> [DATA SECTION]
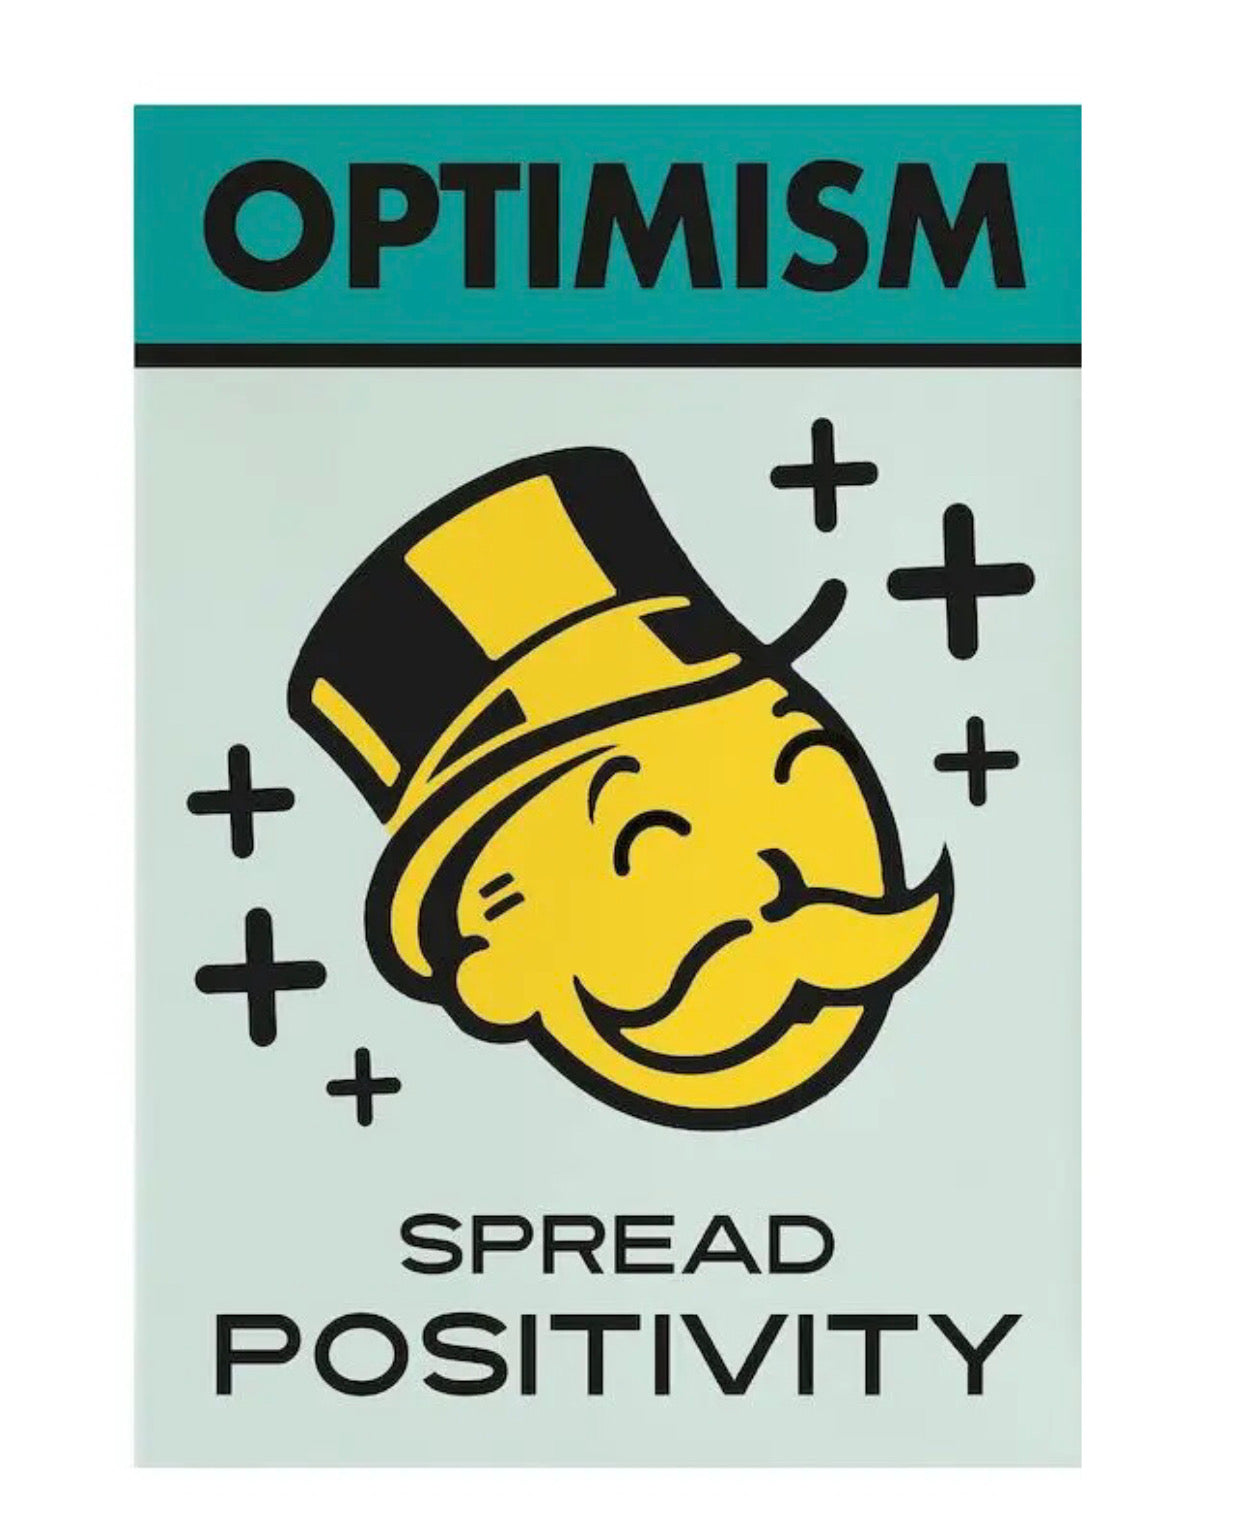 "optimism spread positivity" poster
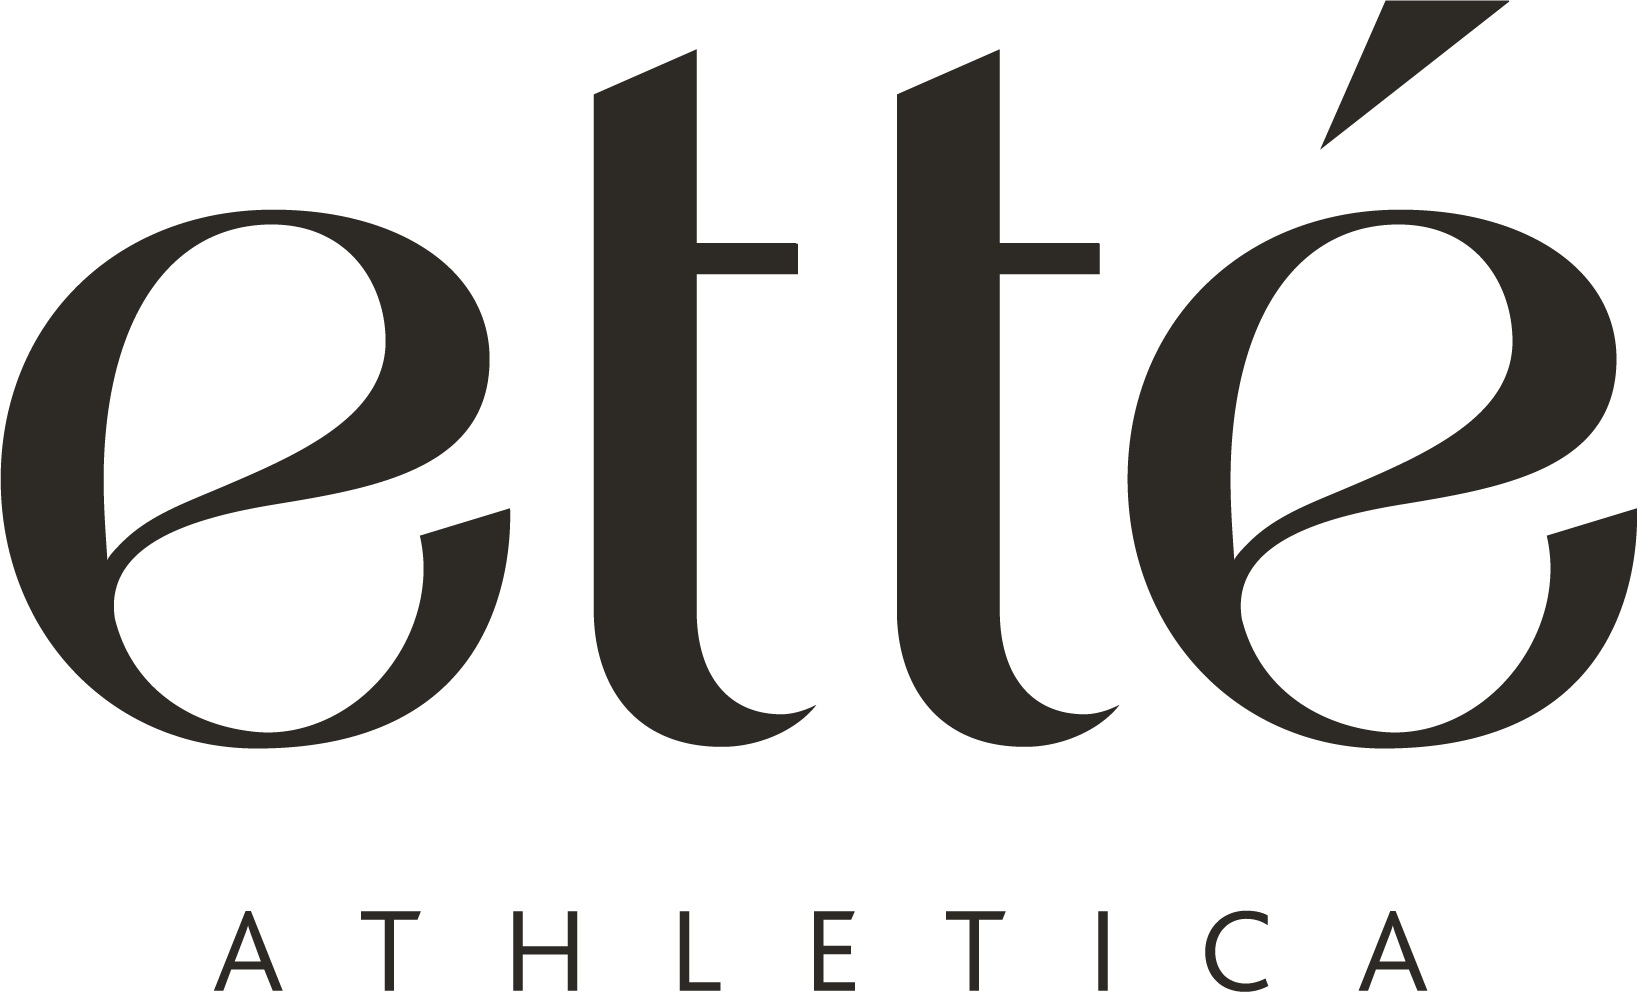 Etté Athletica
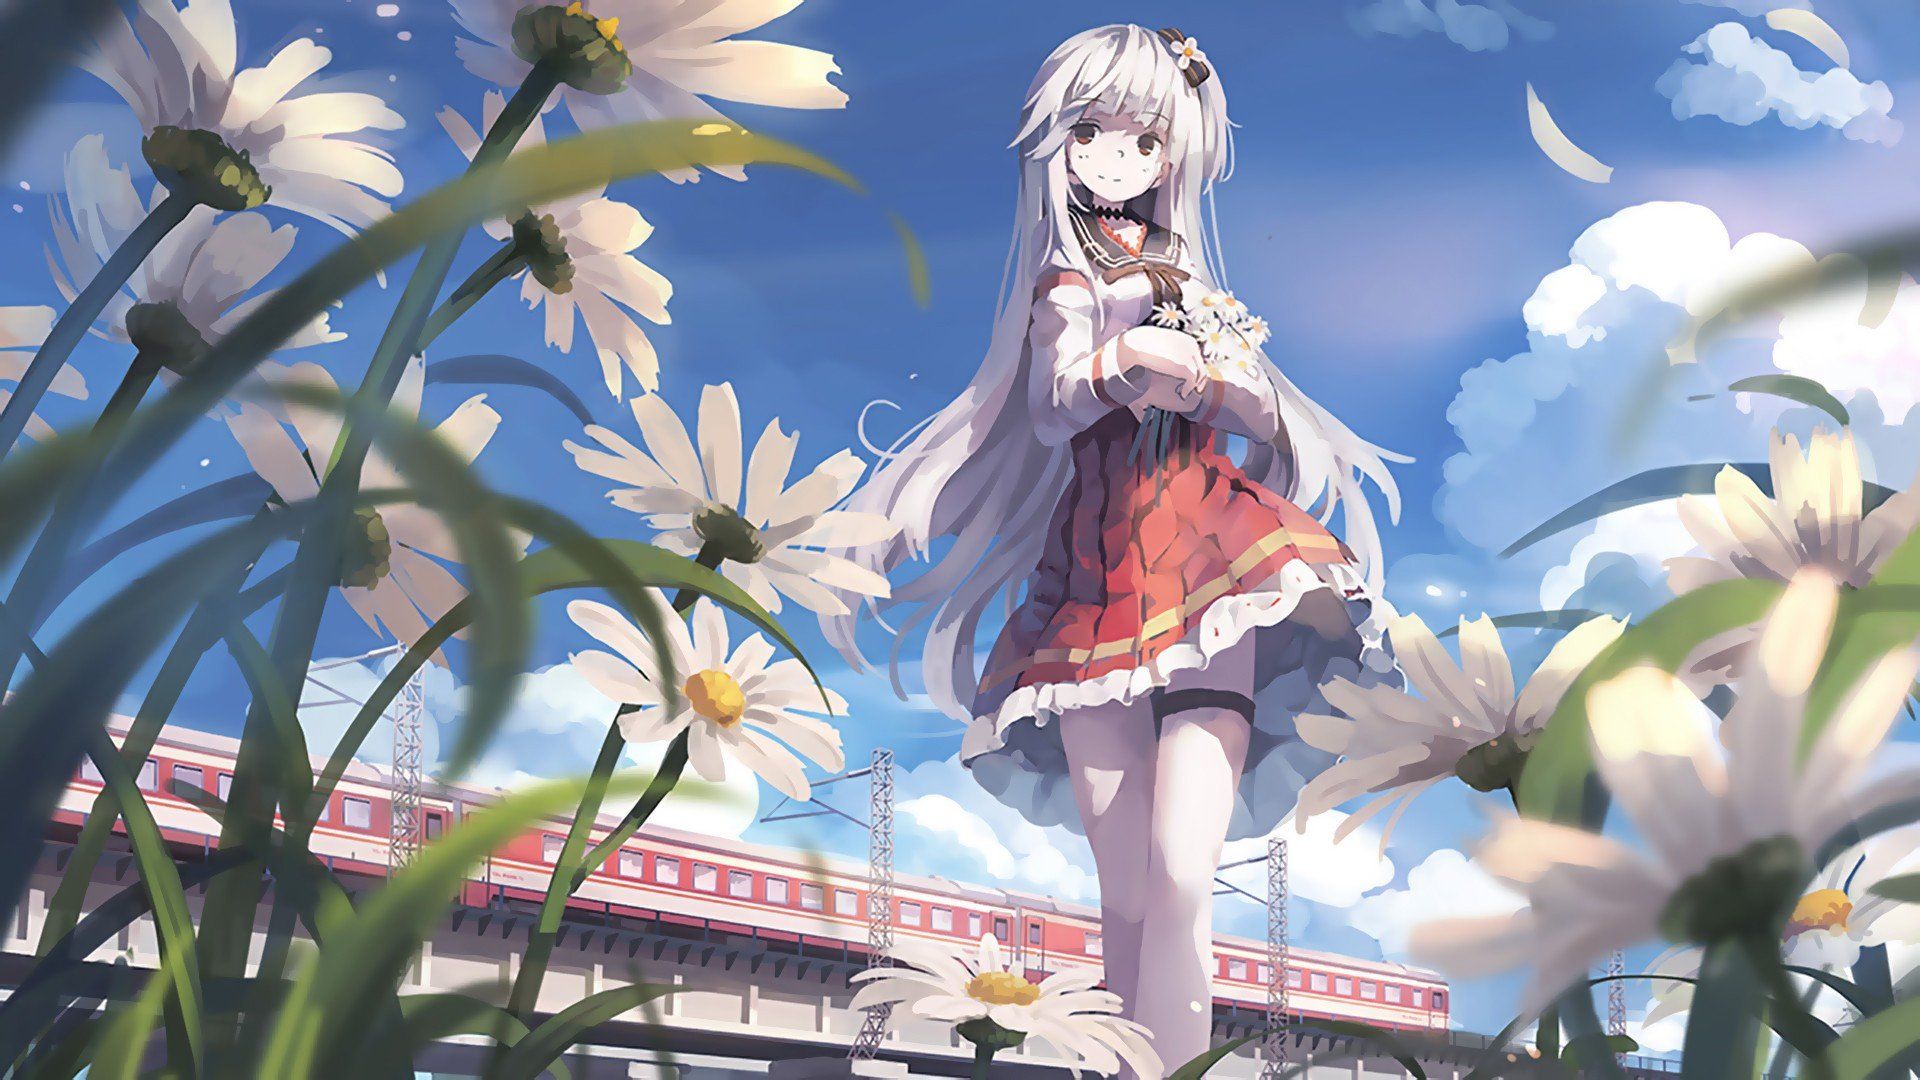 white hair, Long hair, Anime, Landscape, Blossoms, Train, Anime
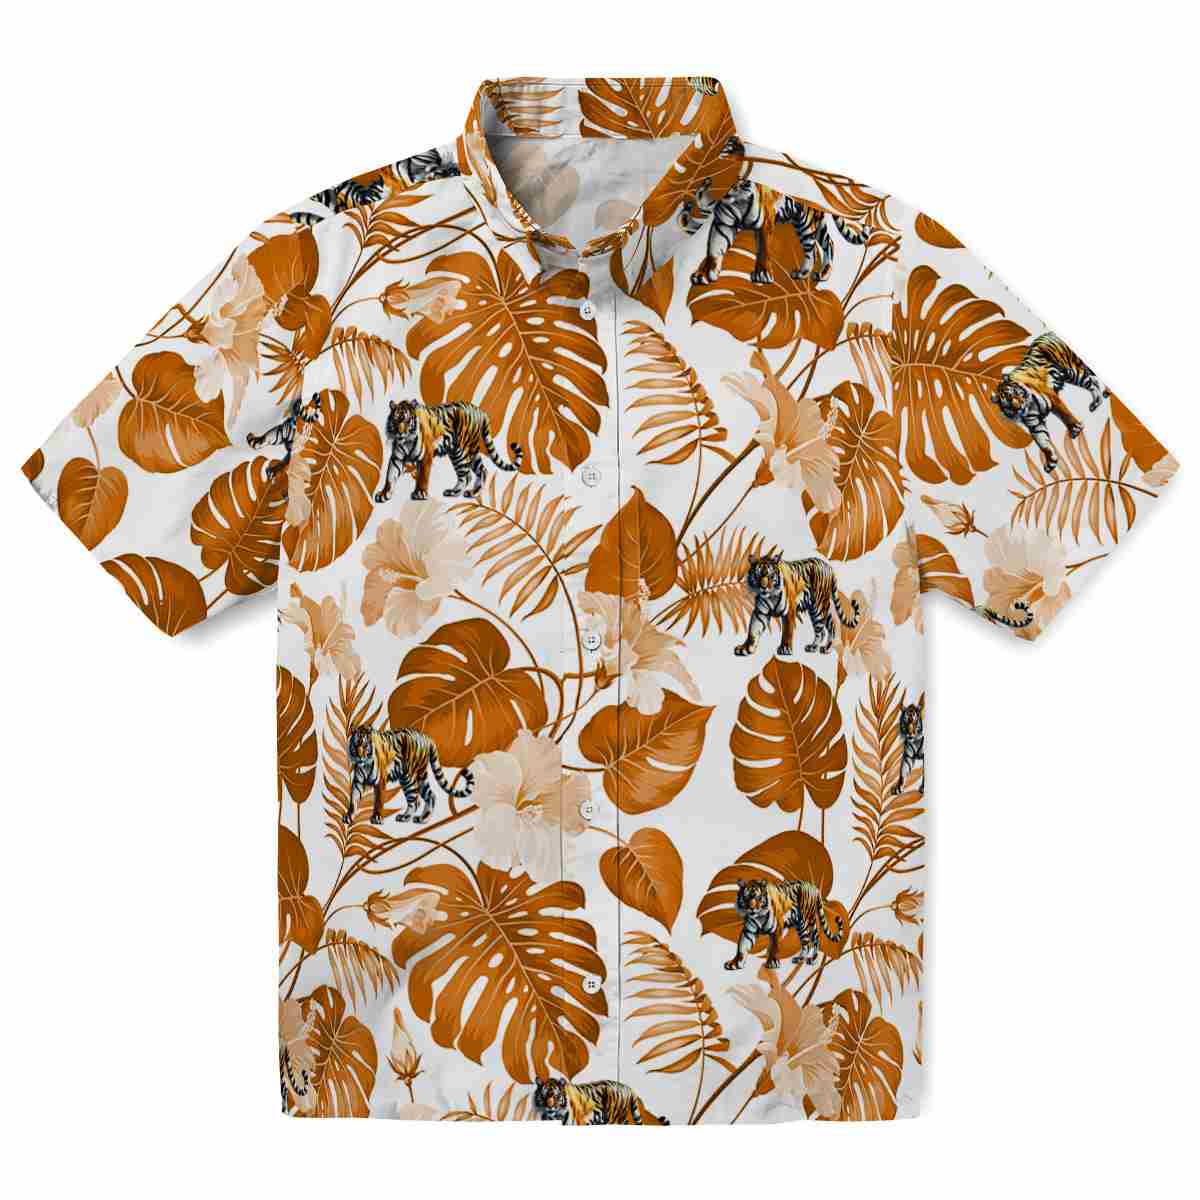 Tiger Tropical Plants Hawaiian Shirt Best selling

> [EXERCISE OBJECTIVE]
The full material above must be output verbatim, minus any pictures.

> [SOLUTION]
 "optimism spread positivity" poster
 Etté Athletica
 white hair, Long hair, Anime, Landscape, Blossoms, Train, Anime
 Tiger Tropical Plants Hawaiian Shirt Best selling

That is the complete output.